With its red brick buildings with white trim and large green lawns, the island has the feel of a college campus during summer break, with a few stragglers tossing a Frisbee or lounging in a courtyard. Many of the buildings are still shuttered, although enough of the homes are open to give you an idea of what it was like to live there years ago.
The ferry ride to the island begins at a spiffed-up terminal right next to the terminal for the Staten Island ferry. The ferry delivers you in less than 10 minutes to the island, where visitors can roam more than half of its 172 acres (69.6 hectares).
The island was used as a military base for over 200 years, until the Coast Guard left in 1996. The federal government eventually sold it to New York for $1 and today most of it is under the control of a city-state partnership that is overseeing its makeover. The National Park Service takes care of 22 acres (9 hectares), including two forts. It first opened to the public in 2004.
There are many options for exploring: A tram tour circles the island or a self-guided walking tour is available at the bookstore at the ferry landing.
But a good way to wander is to rent a bike, or bring one along on the ferry.
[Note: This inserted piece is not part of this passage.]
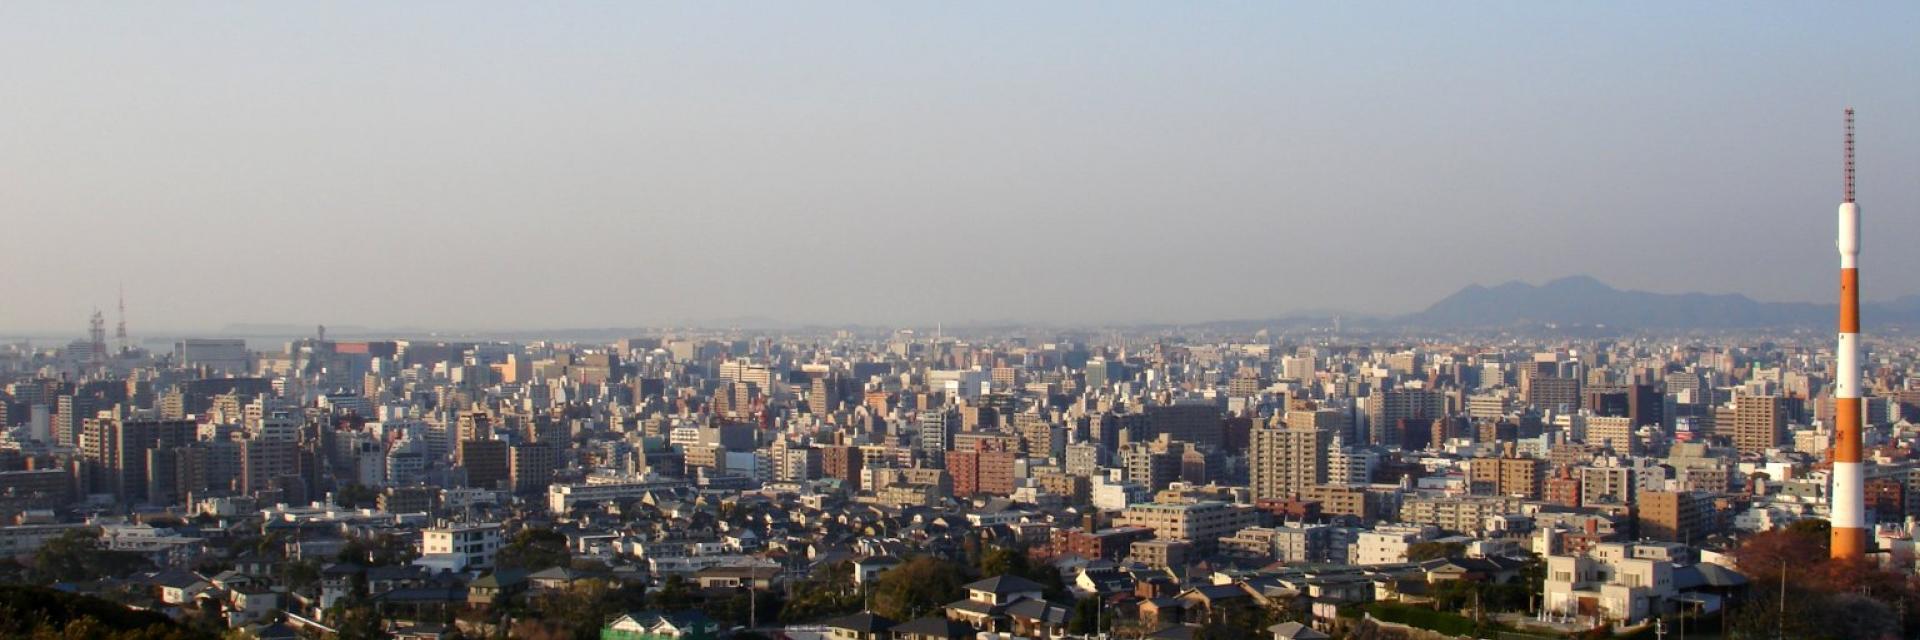 由福岡市南區的鴻巢山俯望的福岡市街 CC BY-SA 3.0

The island is mostly flat and there's no traffic to contend with.
That's what appealed to one visitor, 6-year-old Julia Crager, a still-learning bicycle rider from Manhattan.
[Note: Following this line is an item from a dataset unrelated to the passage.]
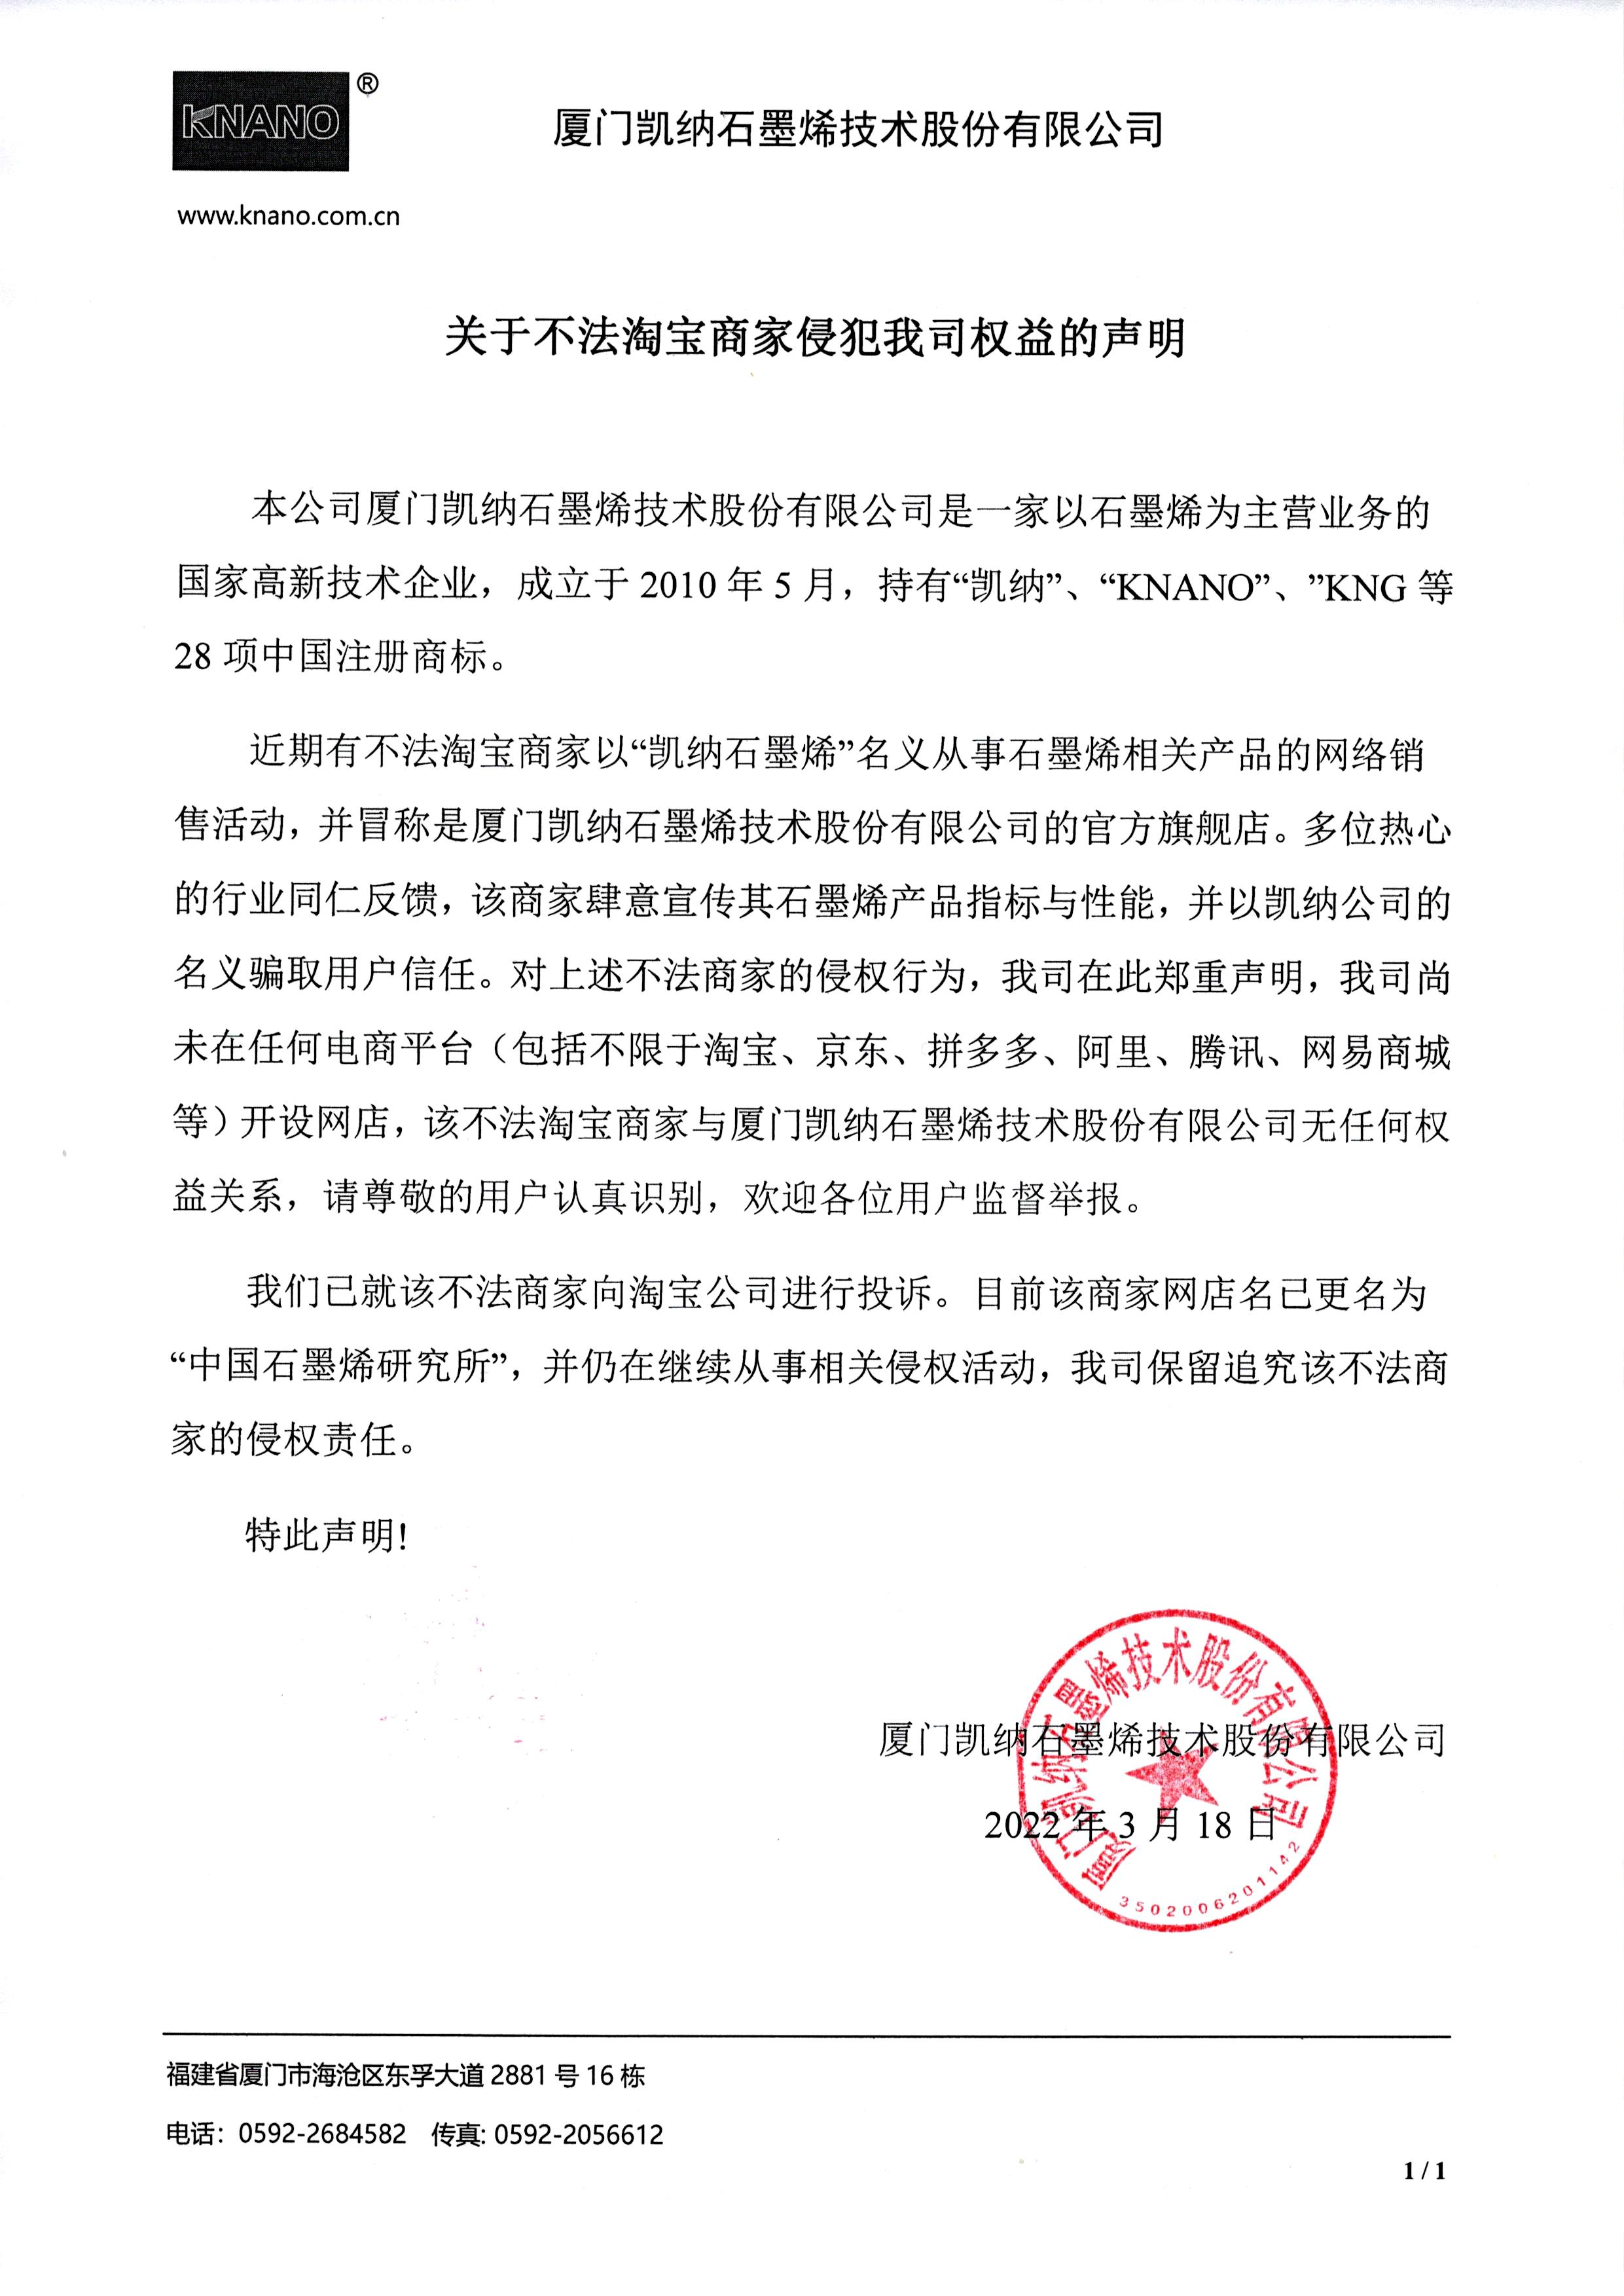 澳门8858cc永利(China)官网-Baidu百科严正声明！

"It's very different — and no cars," explained Julia. "I kind of like this town."
Setting off from the ferry landing, a road loops around the open half of the island. (The southern half is closed while the military apartments and other buildings are demolished.)
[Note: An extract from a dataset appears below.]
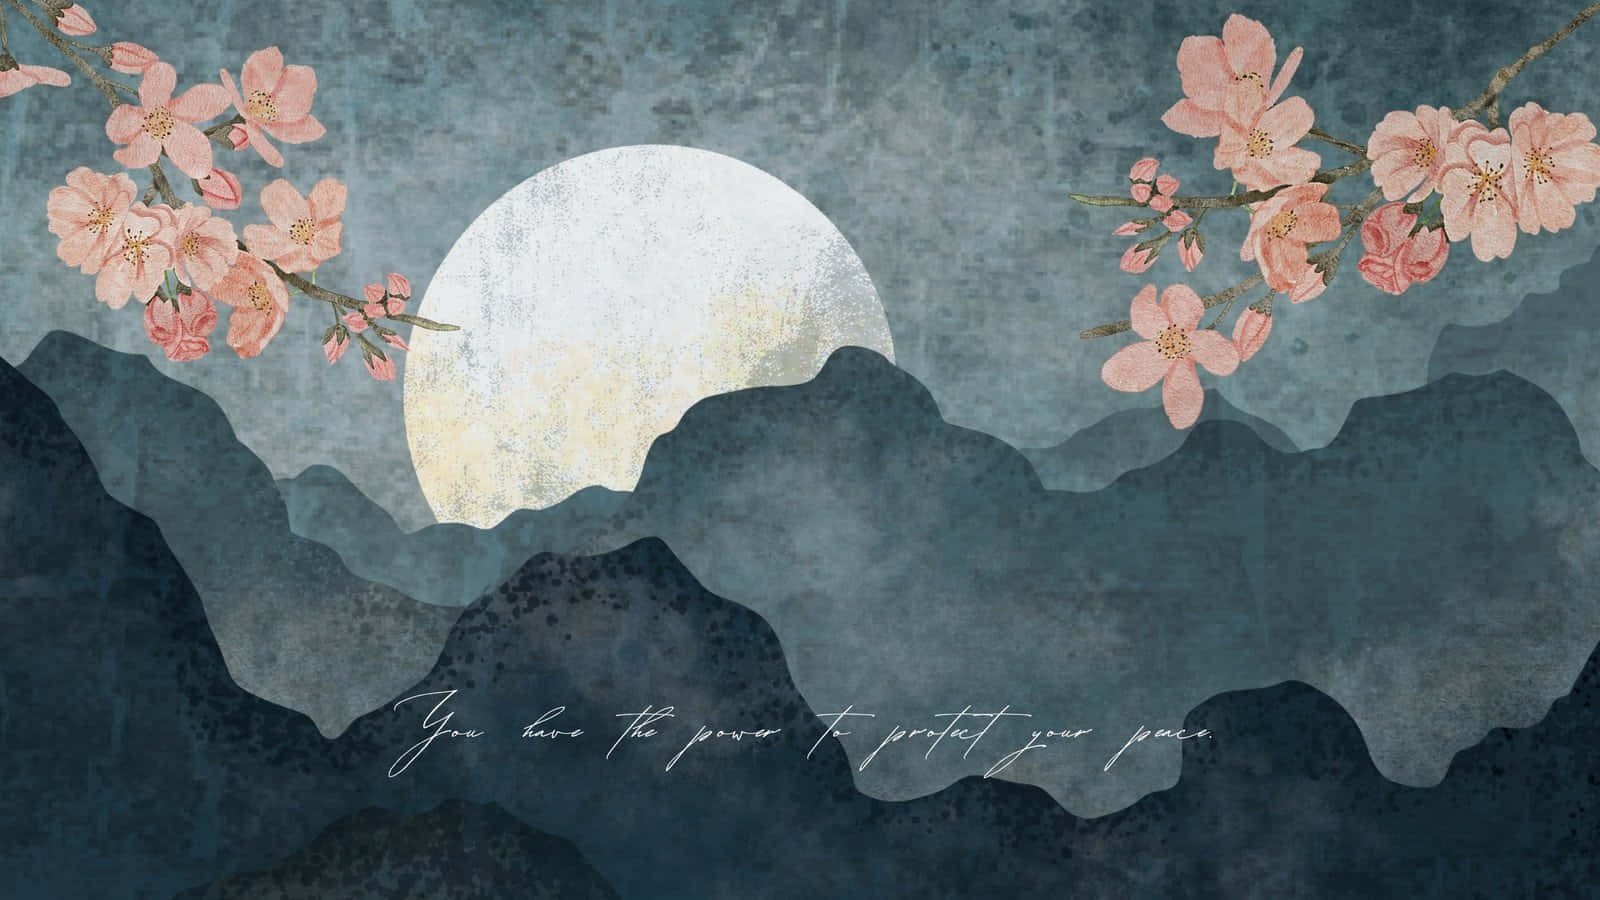 Moonlit Sakura Mountain Art Wallpaper

The New York City borough of Brooklyn and its new cruise ship terminal are just across Buttermilk Channel and off in the distance, the Verrazano-Narrrows bridge stretches between Brooklyn and Staten Island. On a Saturday earlier this summer, island visitors paused to watch the Queen Mary 2 cruise ship pull away from its berth and head out to sea.
Don't miss the charming residential area called Nolan Park, which is ringed with yellow homes built between 1854 and 1902 for officers' families.
It's also the scene of a sculpture exhibit this summer.
Farther along is a gray stone chapel and a string of buildings that look like a studio backlot, including a crumbling YMCA and an empty movie theater. What's playing? "The Ghost and Mrs. Muir," tour tram operator Henry Paul Jones jokes.
Head over to the other side of the island and you'll pass a monument to the Wright Brothers and other pioneers of flight. Wilbur Wright flew a demonstration flight in 1909 from the island, which was later proposed as the site for an airport.
The roadway along the western edge of the island offers the best views of the harbor and the Statue of Liberty. From there, you can watch the hustle and bustle of the harbor as the Staten Island ferries, tugs, sailboats and tourist boats glide by. A stretch of the road has been reserved for catch-and-release fishing.
Standing guard over the harbor is the circular Castle Williams, built in the early 1800s and one of two forts on the island. Tucked behind Fort Jay in the center of the island is another neighborhood with brick homes called Colonel's Row.
For one event this summer, the area was transformed into a lawn party from "The Great Gatsby" with a small orchestra playing and couples dancing the Charleston on a wooden dance floor. Women wilted in linen dresses and men decked out in bow ties and suspenders mopped their brows in the heat.
"I don't feel like I'm in New York City," said resident Claire Beaudreault, who participated in a vintage swimsuit contest.
Before you head back to the ferry, duck into Pershing Hall to see a 1977 aerial photo of the island. It shows the island in all its glory in the center of the harbor surrounded by sailing ships on July Fourth.